From: Jeff Davis on
On Fri, 2009-11-13 at 10:47 +0900, Itagaki Takahiro wrote:
> Alvaro Herrera <alvherre(a)commandprompt.com> wrote:
>
> > BTW I think the vacstmt.options change, which seems a reasonable idea to
> > me, could be extracted from the patch and applied separately. That'd
> > reduce the size of the patch somewhat.
>
> It's a good idea. I separated the part into the attached patch.
> It replaces VacuumStmt's "vacuum", "full", "analyze", and "verbose"
> fields into one "options" flag field.
>
> The only user-visible change is to support "VACUUM (options)" syntax:
> VACUUM ( FULL, FREEZE, VERBOSE, ANALYZE ) table (columns)
> We don't bother with the order of options in this form :)
>
> There is a debatable issue that we can use "VACUUM (VERBOSE) table (col)"
> in the abobe syntax. Columns are specified but no ANALYZE option there.
> An ANALYZE option is added automatically in the current implementation,
> but we should have thrown an syntax error in such case.

I have just begun review by reading some of the previous threads.

I'd like to try to summarize the goals we have for VACUUM to put these
patches in perspective:

1. Implement a rewrite version of VACUUM FULL, which is closer to
CLUSTER.

2. Use the new options syntax, to make the order of vacuum options
irrelevant.

3. Implement several flatfile maps to allow the rewrite version of
VACUUM FULL to work on catalogs:
http://archives.postgresql.org/message-id/19750.1252094460(a)sss.pgh.pa.us

4. Implement some kind of concurrent tuple mover that can slowly update
tuples and lazily VACUUM in such a way that they migrate to lower heap
pages (assuming no long-running transactions).
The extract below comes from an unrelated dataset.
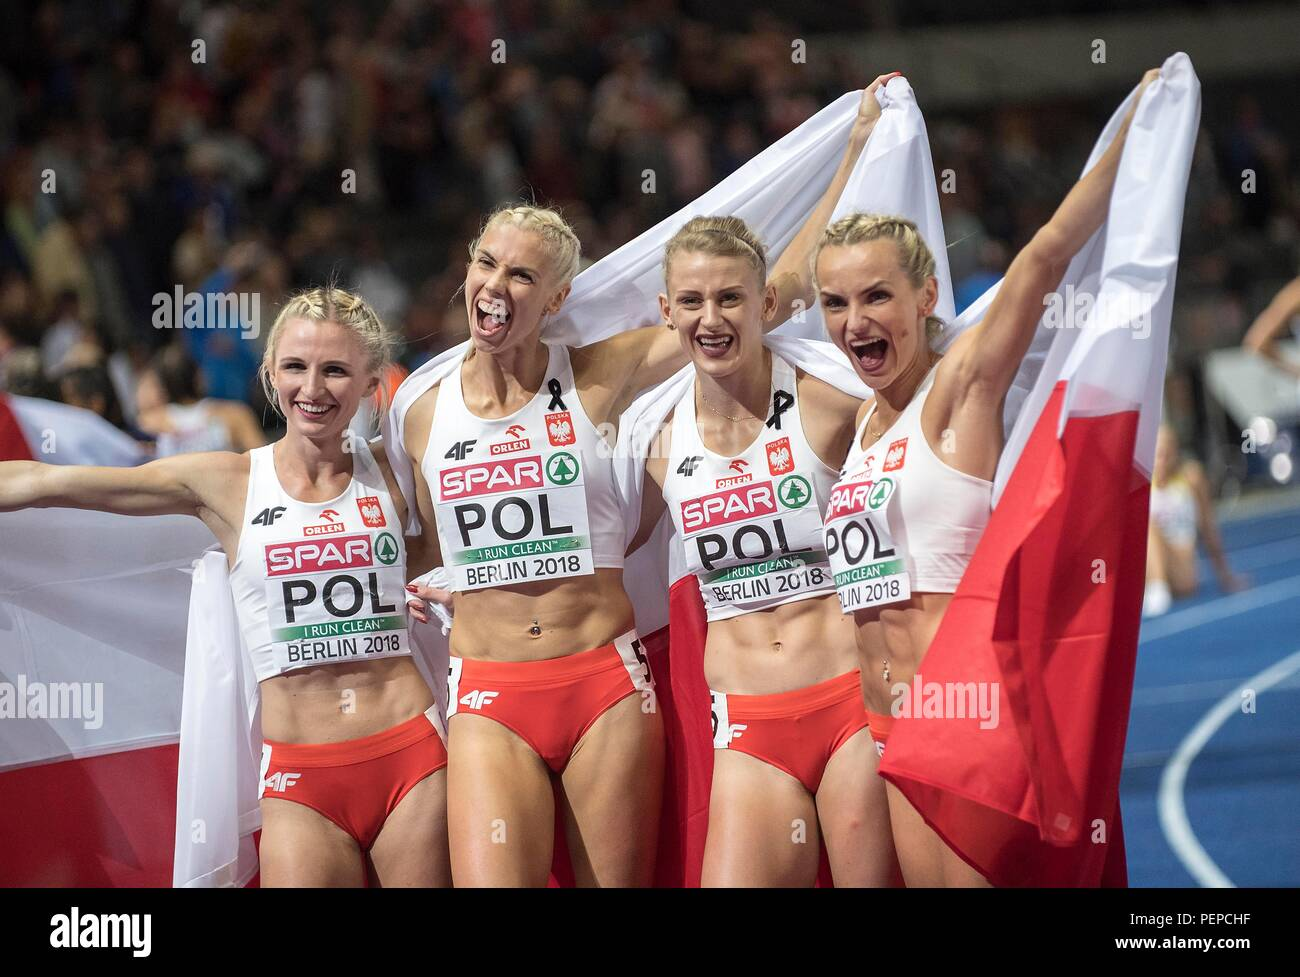 Berlin, Deutschland. 11th Aug, 2018. jubilation Team POL, 1st place, winner, with Malgorzata HOLUB-KOWALIK, Iga BAUMGART-WITAN, Patrycja WYCISZKIEWICZ, Justyna SWIETY-ERSETIC, Poland, final 4x400m women's relay, on 11.08.2018 European Athletics Championships 2018 in Berlin/Germany from 06.08, - 12.08.2018. | usage worldwide Credit: dpa/Alamy Live News - Stock Image

This would be done with
normal updates (new xmin) and would not remove the old tuple until it
was really dead; otherwise there are concurrency problems. Such a
utility would be useful in cases where a very small fraction of tuples
need to be moved, or you don't have enough space for a rewrite.

5. Remove VACUUM FULL (in it's current form) completely.

Some other ideas also came out of the thread, like:

* Provide a way to truncate the dead space from the end of a relation in
a blocking manner. Right now, lazy vacuum won't shrink the file unless
it can acquire an exclusive lock without waiting, and there's no way to
actually make it wait. This can be a separate command, not necessarily a
part of VACUUM.

* Josh Berkus suggested allowing the user to specify a different
tablespace in which to rebuild the tablespace.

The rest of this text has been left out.